If you want English to be more like Hungarian, start inserting Hungarian words into sentences otherwise written in English and I guarantee people will adopt them as loanwords in short order. Never define them, we'll figure it out from context and vibes, and we'll never pronounce them correctly, which might make it grating to listen to them spoken back to you. But you can absolutely just incept words into English. We'll take them. We're hoarders. We all love that shit.

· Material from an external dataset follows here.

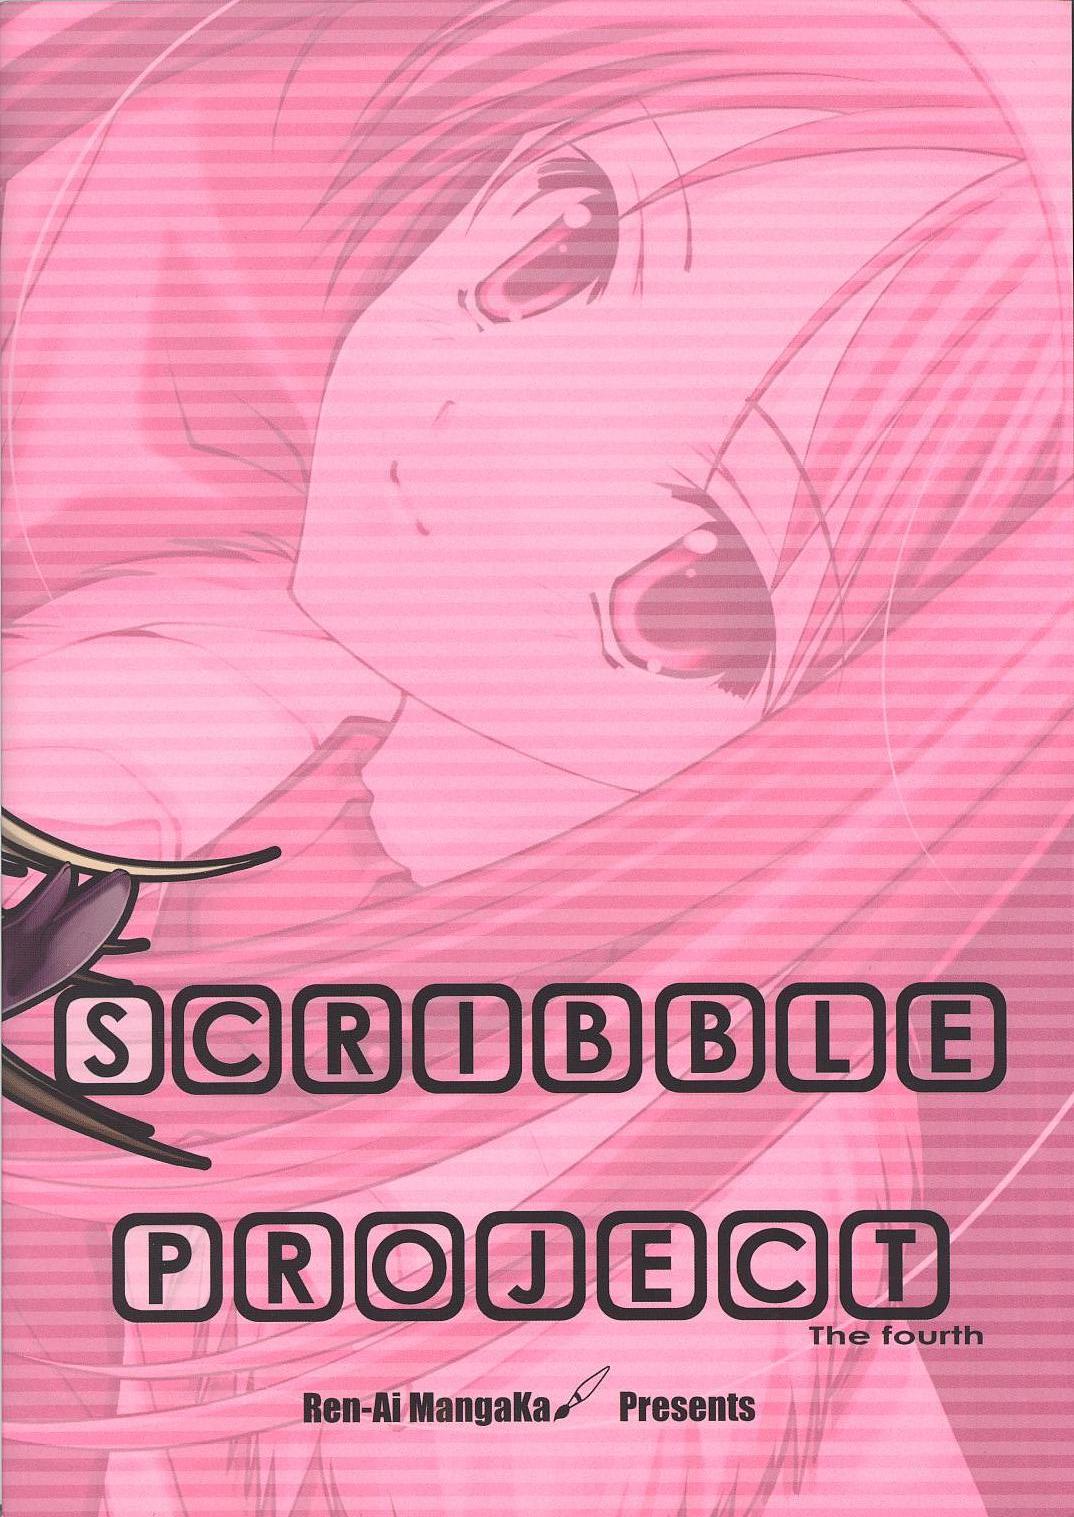 (C65)[恋愛漫画家 (鳴瀬ひろふみ)] Scribble Project 4 (月姫)

My favorite thing about it is the register system that developed from all this theft. There are at least three: German, French, and Latin. German is less formal, and French and Latin are often equal but differ in that French is less bureaucratic than Latin. The start, commencement, and initiation of something are different. And an initiation is different from an inauguration. You ask your friend, question a witness, and interrogate a suspect. Greek is more abstract than Latin. A moral question is nearer to the heart than an ethical question. You diagnose a disease, you judge a person. You have compassion, you merely feel sympathy.
Though, I would hate to learn it as a second language for the exact same reasons.
theasisa|9 days ago
I've been doing something like this with Finnish (which is in the same language family as Hungary) - I use Finnish colloquialism but directly translated into English. Things like "going ass first up a tree" (meaning doing something in a sub-optimal way) or "better on the ground than in the devil's mouth" (when you spill something). I find it amusing.
The author is right though, the English language is dreadful; In Finnish the words are written and pronounced the same way. Try that with some names of cities or towns in England.
zjp|9 days ago
Come on now though, dreadful. There's something beautiful about a language that's a fusion reactor for all other languages on Earth.
PollardsRho|9 days ago
swores|9 days ago
Are you suggesting it's not intuitively obvious that the town 'Towcester' should be pronounced the same as a "toaster" for toasting bread?
IsTom|9 days ago
scoot|9 days ago
"every day"
Perhaps the author should check grammar while he checks spelling :D (Not the only issue I noticed, and I didn't read the entire article...)
xnx|9 days ago
It's impressive. English language: ~500,000 words. German language: ~135,000 words.